2. Betaleukin^® as a means of emergency anti-radiation therapy is administered subcutaneously, within 2 hours after radiation exposure, at a dose of 1 mcg (the contents of a 1 mcg ampoule are dissolved in 1 ml of 0.9% sodium chloride solution).

3. For the treatment of tuberculosis, Betaleukin^® is administered at a dose of 0.005 mcg/kg of body weight. The drug is administered intravenously by drip over 3 hours or subcutaneously. Solutions for infusions or injections are prepared as described in paragraph 1 of this section. Treatment is carried out as a course of 5 daily procedures.

Betaleukin^® is prescribed against the background of the use of anti-tuberculosis drugs; specific polychemotherapy is carried out with 4 drugs selected in accordance with the drug sensitivity of Mycobacterium tuberculosis.

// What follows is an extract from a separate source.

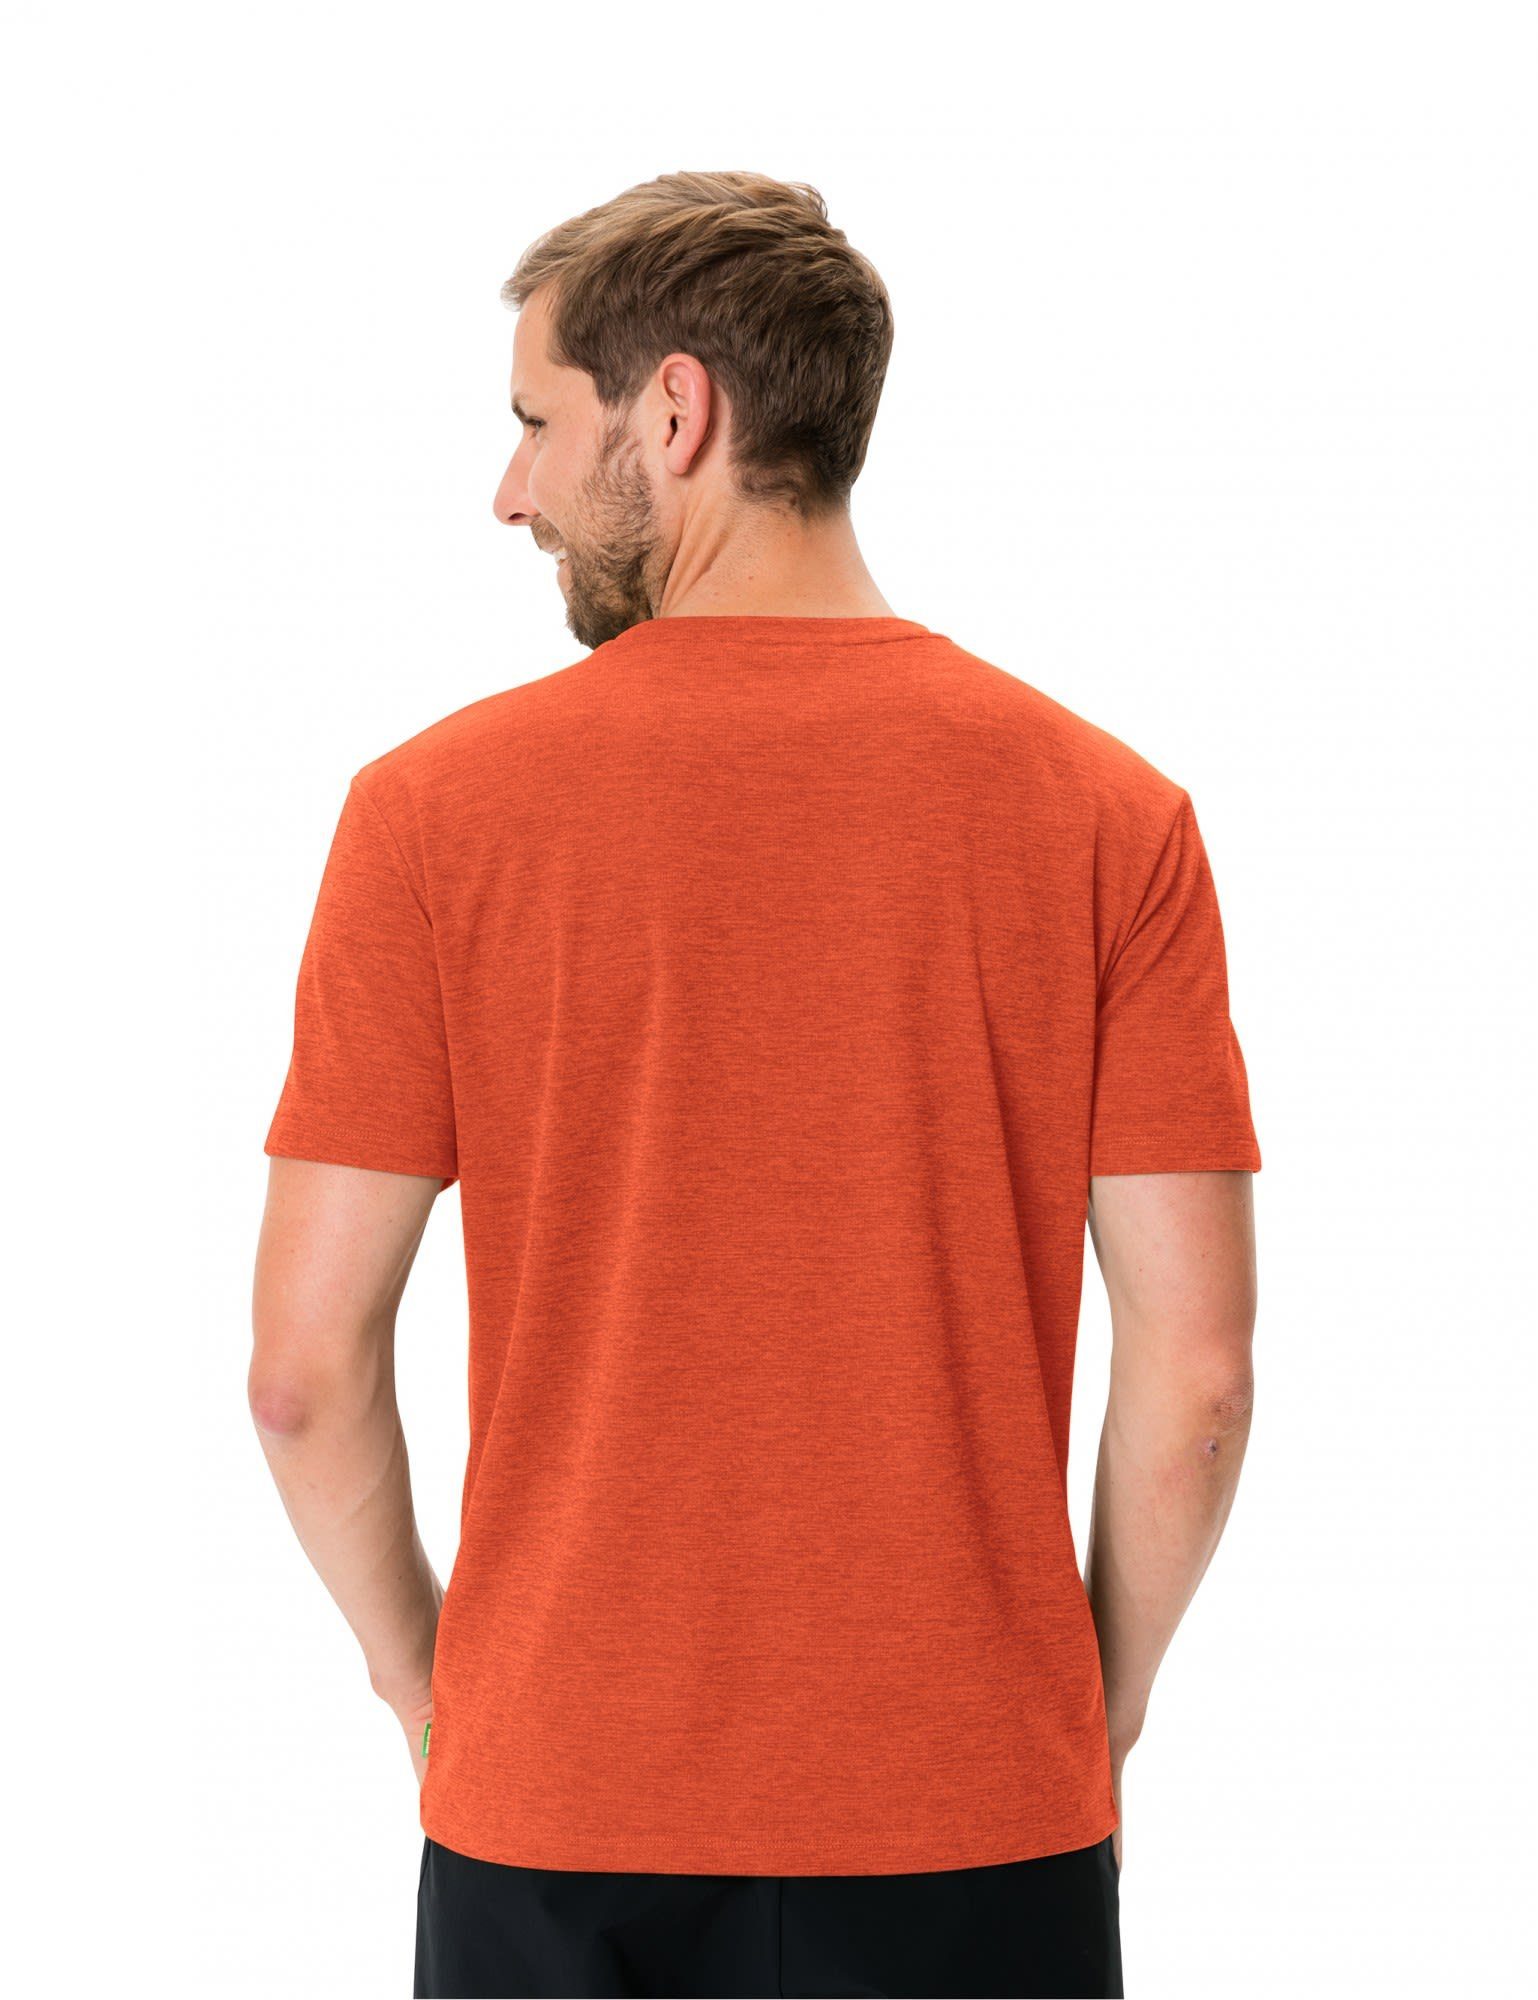 VAUDE T-Shirt Vaude Mens Red T-shirt Glowing Herren Kurzarm-Shirt Essential

4. Complex antiviral therapy for patients with chronic viral hepatitis C, genotype 1, who have not achieved a virological response to therapy with pegylated or standard interferons and ribavirin, is supplemented with the drug Betaleukin^® at a dose of 0.5 mcg (0.25 mcg if the patient’s body weight is less than 70 kg) subcutaneously 3 times a week (Monday, Wednesday, Friday), in courses of 3 weeks, for a total of 6 courses with intervals of 6 weeks; the total duration of antiviral therapy is 48 weeks.

Contraindications

• Individual intolerance;
• In patients in the stage of septic shock and with severe fever;
• Pregnancy, breastfeeding period;
• Children under 18 years of age.

Contraindications for the appointment of Betaleukin^® as a means of emergency anti-radiation therapy

• Combined radiation-thermal injuries (CRTI);
• Febrile conditions;
• Severe hypotension;
• Shock.

Contraindications for the appointment of Betaleukin^® in the treatment of tuberculosis

• Lesion volume of more than 3 segments (including dissemination foci),
• Presence of destruction cavities larger than 3 cm;
• Predominance of exudative tissue reaction in the lung tissue;
• Severe symptoms of intoxication, including hyperthermia.

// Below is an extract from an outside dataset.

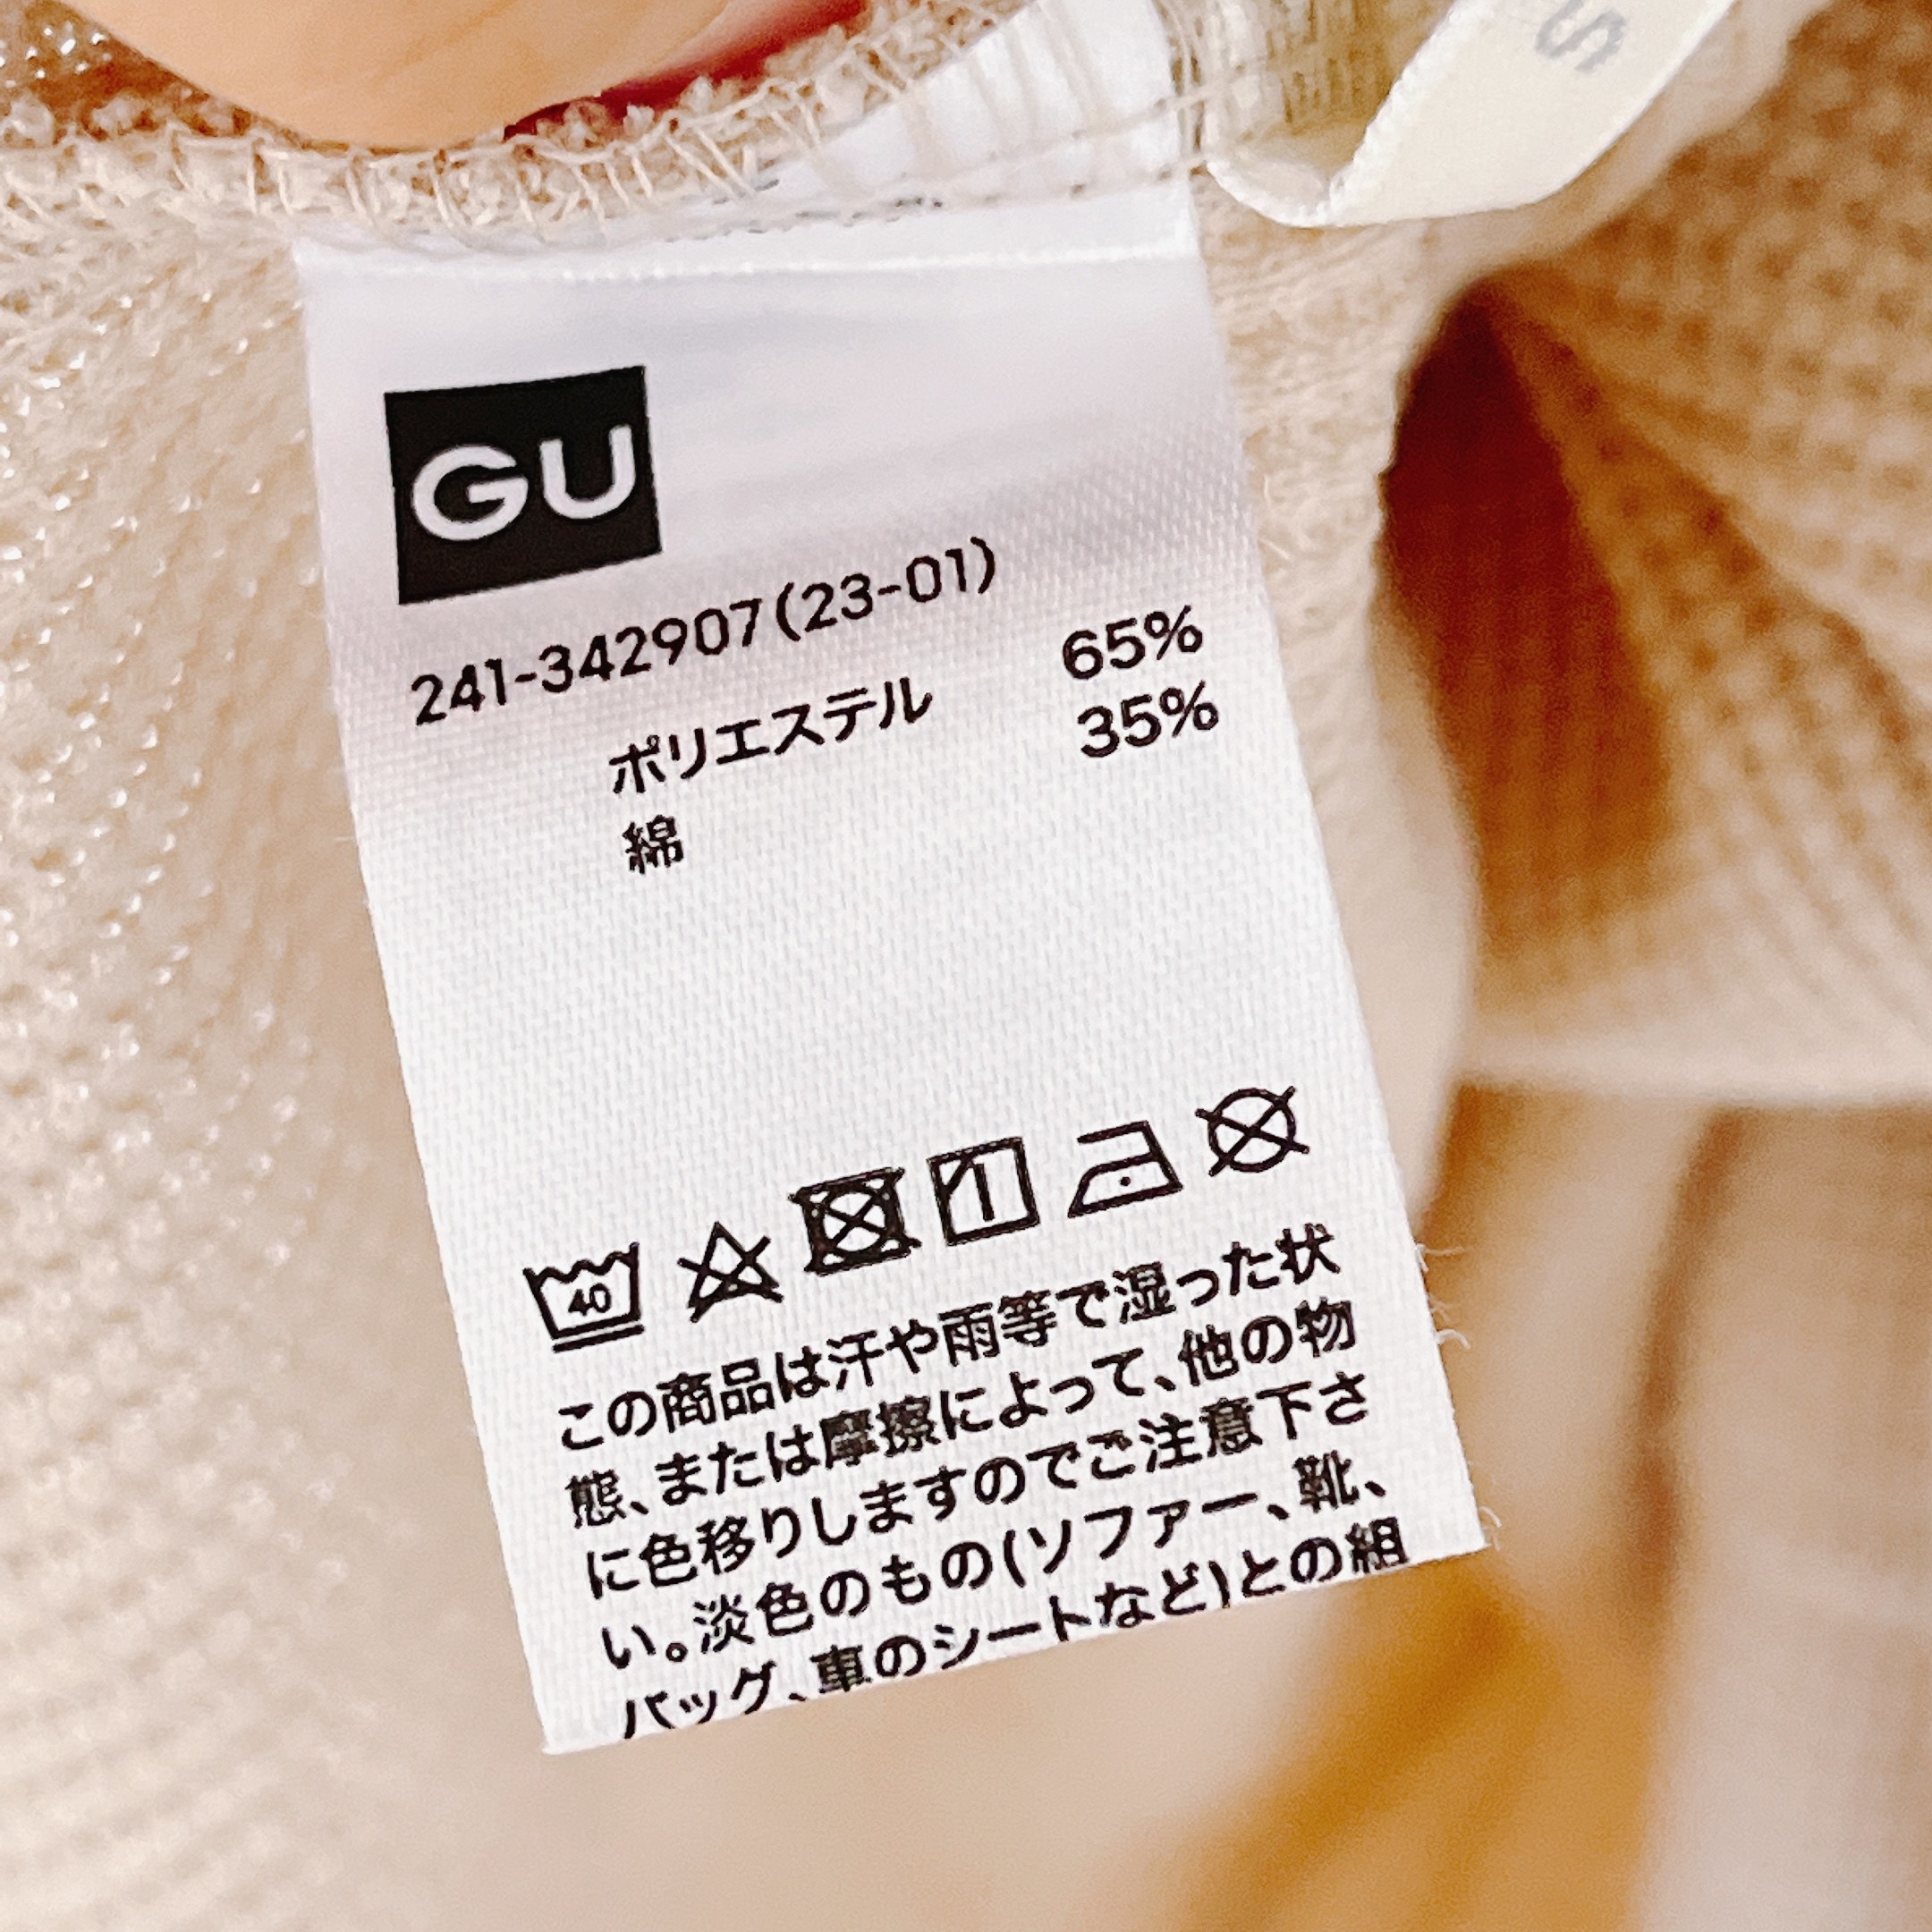 GU（ジーユー）のおすすめのファッションアイテム「ワッフルバックヘンリーネックフレアワンピース(長袖)」

Use in Pregnancy and Lactation

Contraindicated during pregnancy and lactation.

Pediatric Use

Contraindicated in children under 18 years of age.

Storage Conditions

Store at 2°C (36°F) to 15°C (59°F). Keep in original packaging, protected from light. Keep out of reach of children.

Dispensing Status

Rx Only

Important Safety Information

This information is for educational purposes only and does not replace professional medical advice. Always consult your doctor before use. Dosage and side effects may vary. Use only as prescribed.